Third it’s the kind of investment you always want in your portfolio, preferably bought at a great price.
If there’s one thing I love about a stock I’m backing, it’s when I see the directors of that company buying stock in their company.
I recently stumbled on this information that showed BHP’s directors were in a ‘buy, buy, buy’ state of mind.

Keeping to the positive, this is what the analysts on FNArena are thinking about the company — the target price is $44.93, which implies a 10.6% upside. I don’t mind making over 10% in a year on arguably the best mining company in the world.
And the long-term chart for BHP’s share price shows it has a bounce back inclination after a sell-off.
BHP

Below is the table showing the individual views of analysts, with both Morgan Stanley and Morgans very bullish on the company, with their calculations coming up with 19% and 18% gains respectively.
But let’s dig deeper and see what the standout arguments for the company are.

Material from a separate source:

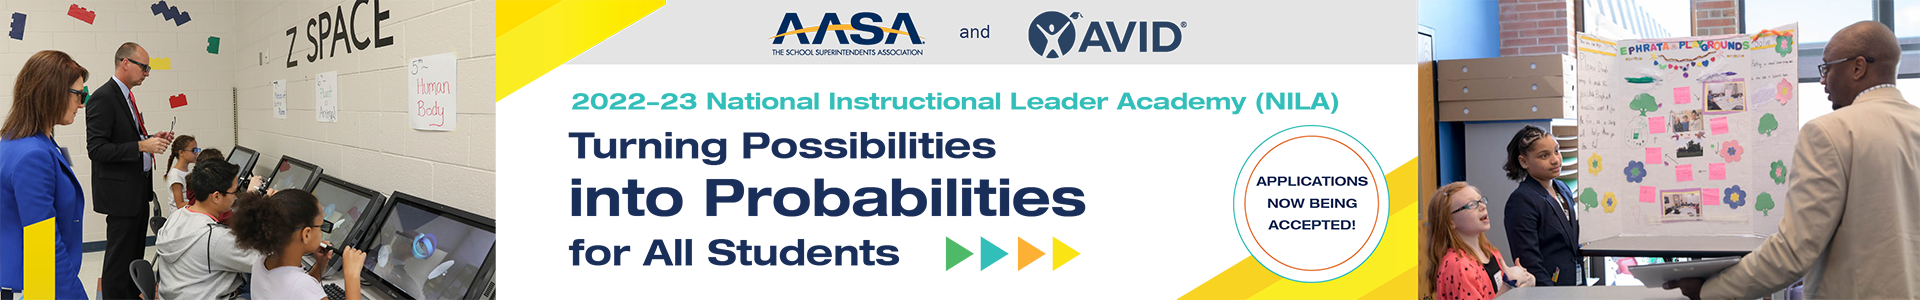 National Instructional Leader Academy banner image

This is what FNArena’s team reported on each analyst:
- UBS
In a report issued yesterday, UBS gave an early review on BHP Group’s first half result released on the same day. The broker noted earnings were in line with consensus and there is no material change to unit cost or production guidance.
- Morgan Stanley
BHP Group delivered underlying net profit in the first half that was ahead of Morgan Stanley’s estimates.
- Ord Minnett
BHP Group’s first half of 2025 earnings were ahead of market expectations, but the interim dividend represented the lowest payout ratio in more than 10 years, Ord Minnett highlights.
- Morgans
First half results from BHP Group were largely in line with expectations. Morgans has some concerns regarding the company’s ability to pursue US$20-30 billion in new copper growth projects globally. The main issue is whether such growth can be supported as well as an above-market dividend yield, along with potential acquisitions, such as Anglo American. The broker considers it a “better than average probability” that a fresh approach will be made for Anglo American.
- Macquarie
Following immaterial changes to BHP Group forecasts following its first half results, Macquarie maintains its $42 target and outperform rating. At first glance, BHP Group’s first half results were in line and the dividend exceeded Macquarie’s estimates. Cost and production guidance are unchanged, and the cash flow appeared “solid”.
- Citi
BHP Group’s first half earnings (EBITDA) met consensus expectations and were 3% ahead of Citi’s forecast, while underlying profit beat the broker’s estimate by 4%. The US 50 cent dividend was in line.
What’s the summary here?
There’s nothing really annoying about BHP’s prospects, but the dividend drop could explain why the share price has had recent pressure, aside from other ‘big picture’ concerns.
These were captured in a piece in the AFR by Alex Gluyas under the foreboding headline: Investors dump iron ore stocks as big miners enter a new era.
Here are Gluyas’ main points:
- Lower profits.
- Reduced dividends.
- Fund managers are downbeat on iron ore miners.
- Iron ore prices to fall to $US80 a tonne from the $US106 of late.
- Supply from Africa and mine restarts could put pressure on prices.
“We’re not even close to the end of these sorts of results,” warned Perennial fund manager and resources analyst, Sam Berridge. “The slump in iron ore prices over the past 12 months is largely a result of weak demand from China … we haven’t even had a meaningful increase in supply yet.”
While that’s the negative stuff, Gluyas did look at the other side of the argument. Here it is:
- Cyclone Zelia in WA and heavy rains in Brazil will keep supply down, which is good for prices.
- Beijing will have more stimulus at March’s Two Sessions meeting of Chinese lawmakers.
- BHP is aiming to increase its own supply,
- BHP chief executive Mike Henry said he was seeing “early signs of recovery” in the Chinese economy.
China is critical in this BHP story and the impact of Donald Trump and his tariffs can’t be discounted as potentially both negative and positive for global economic growth and the demand for iron ore.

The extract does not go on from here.